Le résultat ? Gore-Tex figure régulièrement parmi les entreprises où il fait le meilleur vivre au monde. La société suédoise Spotify a adopté un modèle similaire avec ses « squads » de petites équipes autonomes. Même l’armée américaine a restructuré ses unités spéciales autour du nombre de Dunbar après les échecs de coordination en Irak.

À l’inverse, les mégastructures humaines ultra-denses créent souvent un paradoxe : plus il y a de monde autour de toi, plus tu te sens isolé. Ce n’est pas de la philosophie, c’est de la neurologie.

Le vrai coût de ce plafond : des amitiés qui meurent en silence

Une étude néerlandaise publiée en 2009 a suivi les réseaux sociaux de milliers de personnes pendant sept ans. Le constat est brutal : tu remplaces en moyenne 40 % de tes relations proches tous les sept ans. Pas parce que tu te disputes, mais parce que ton cerveau fait de la place.

Chaque nouveau collègue, chaque nouveau voisin, chaque nouvelle connaissance pousse mécaniquement quelqu’un d’autre vers la sortie. Ton ancien meilleur ami du lycée n’a pas disparu de ta vie par hasard. Il a été évincé par ton cerveau pour libérer de la bande passante cognitive.

Les chercheurs de l’université d’Oxford ont calculé que sans contact régulier, une amitié perd environ 15 % de sa qualité émotionnelle par an. En six ans sans interaction significative, la relation est cliniquement morte. C’est aussi mécanique que le fonctionnement biologique de ton organisme.

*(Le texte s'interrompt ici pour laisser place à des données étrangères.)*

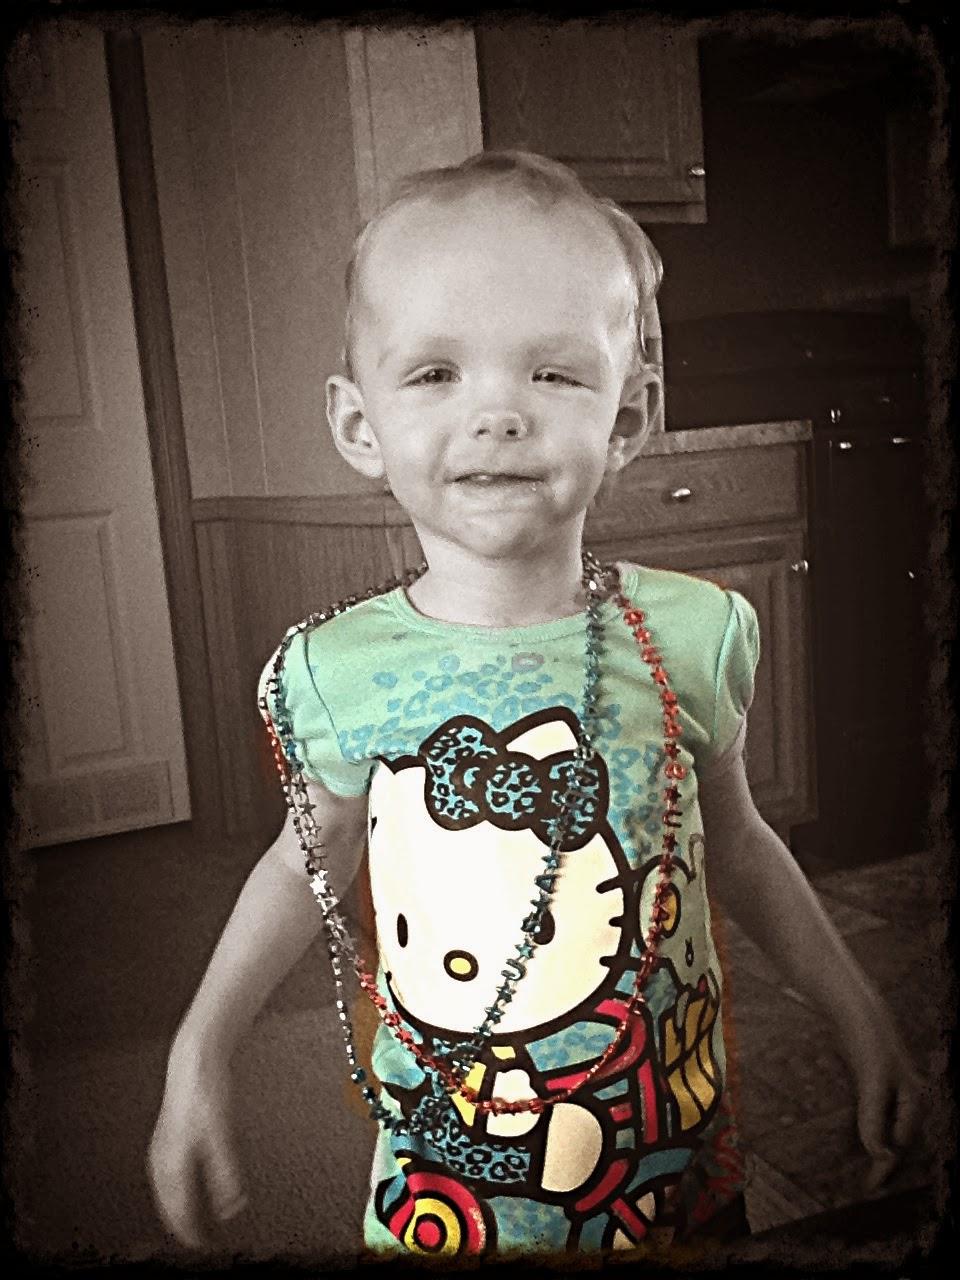 Фото детей с синдромом сотоса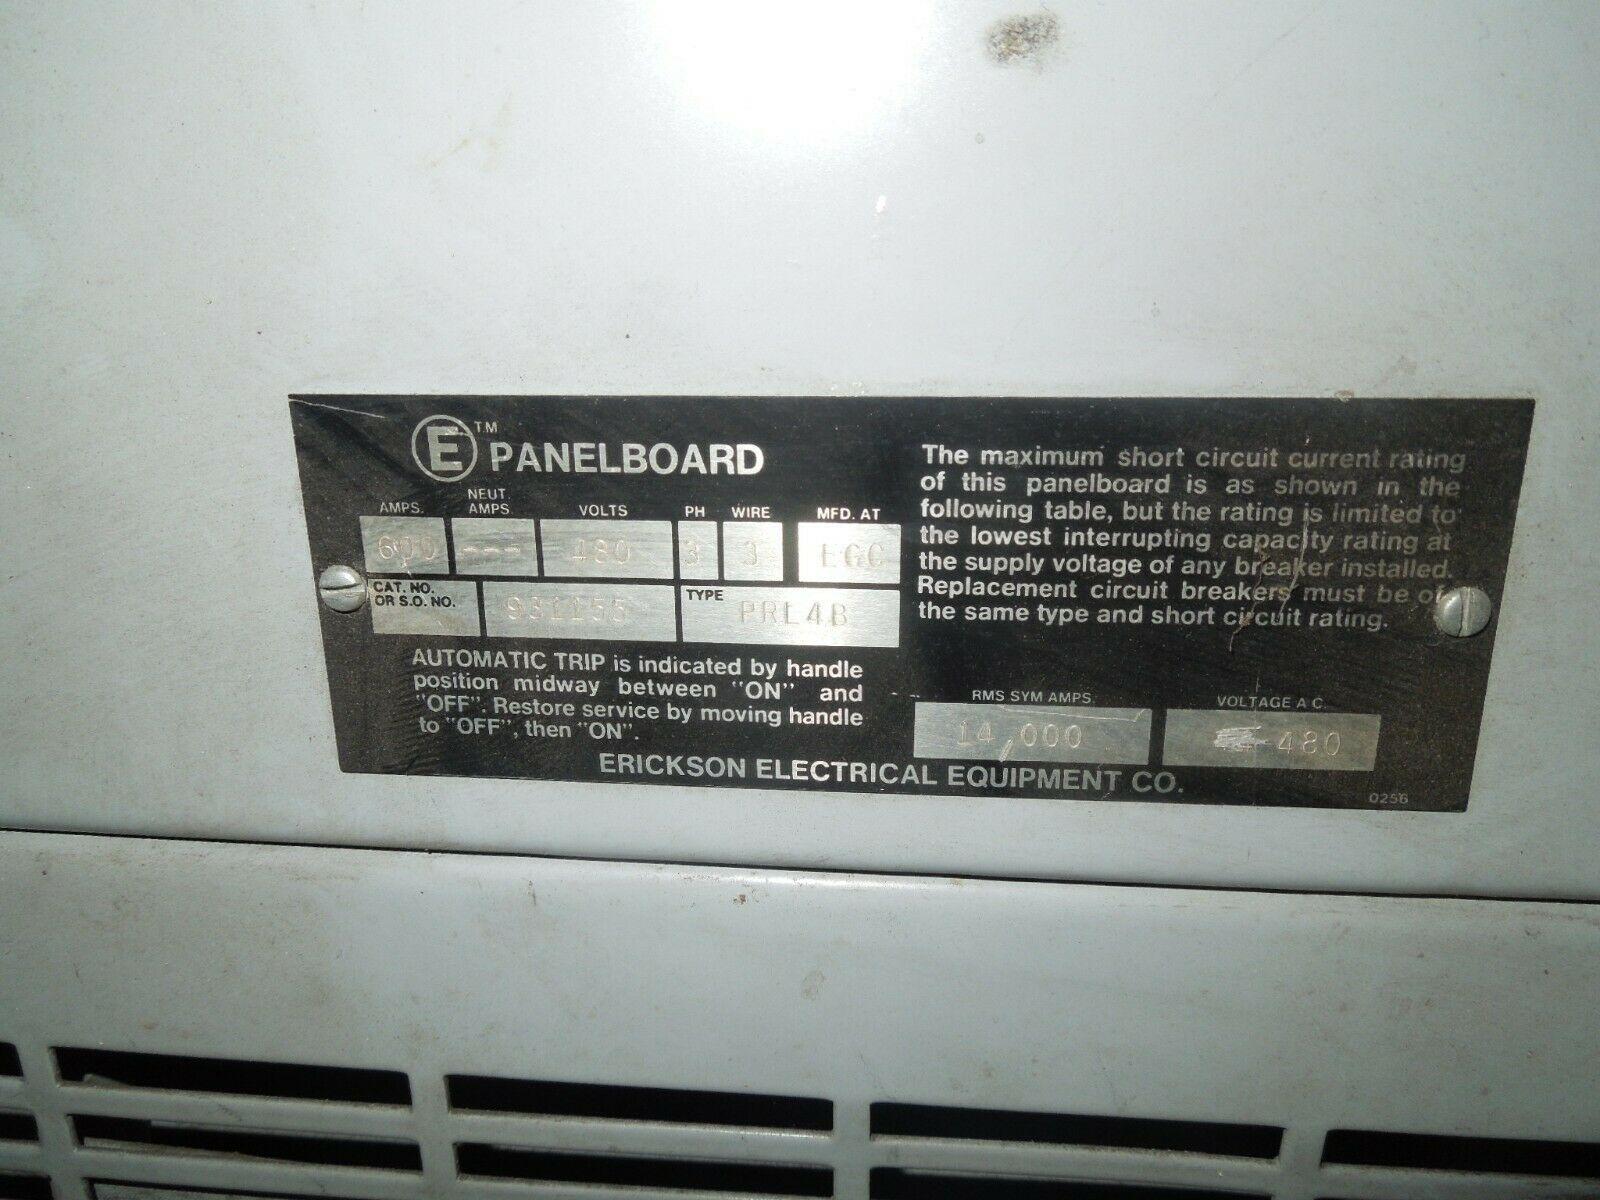 Erickson PRL4B E Panelboard 600A 3ph 3W 480V MLO Breaker Panel w/ Distribution - $3,725.00

150, un bug ou une fonctionnalité ?

Certains chercheurs contestent le nombre exact. Une méta-analyse suédoise de 2021 a suggéré une fourchette entre 100 et 250, selon les individus et les cultures. Mais même les critiques admettent qu’un plafond existe bel et bien.

D’autres scientifiques voient dans cette limite un avantage évolutif. Un groupe de 150 est assez grand pour assurer la survie collective, mais assez petit pour que la tricherie soit détectée. Dans un clan de 150 chasseurs-cueilleurs, tout le monde sait qui travaille et qui profite du système.

Ce soir, ouvre ta liste de contacts. Compte ceux dont tu connais vraiment la vie, les problèmes, les joies. Tu tomberas probablement autour de 150. Ton cerveau a tracé cette frontière bien avant que tu aies un smartphone — et aucune application ne la franchira de sitôt.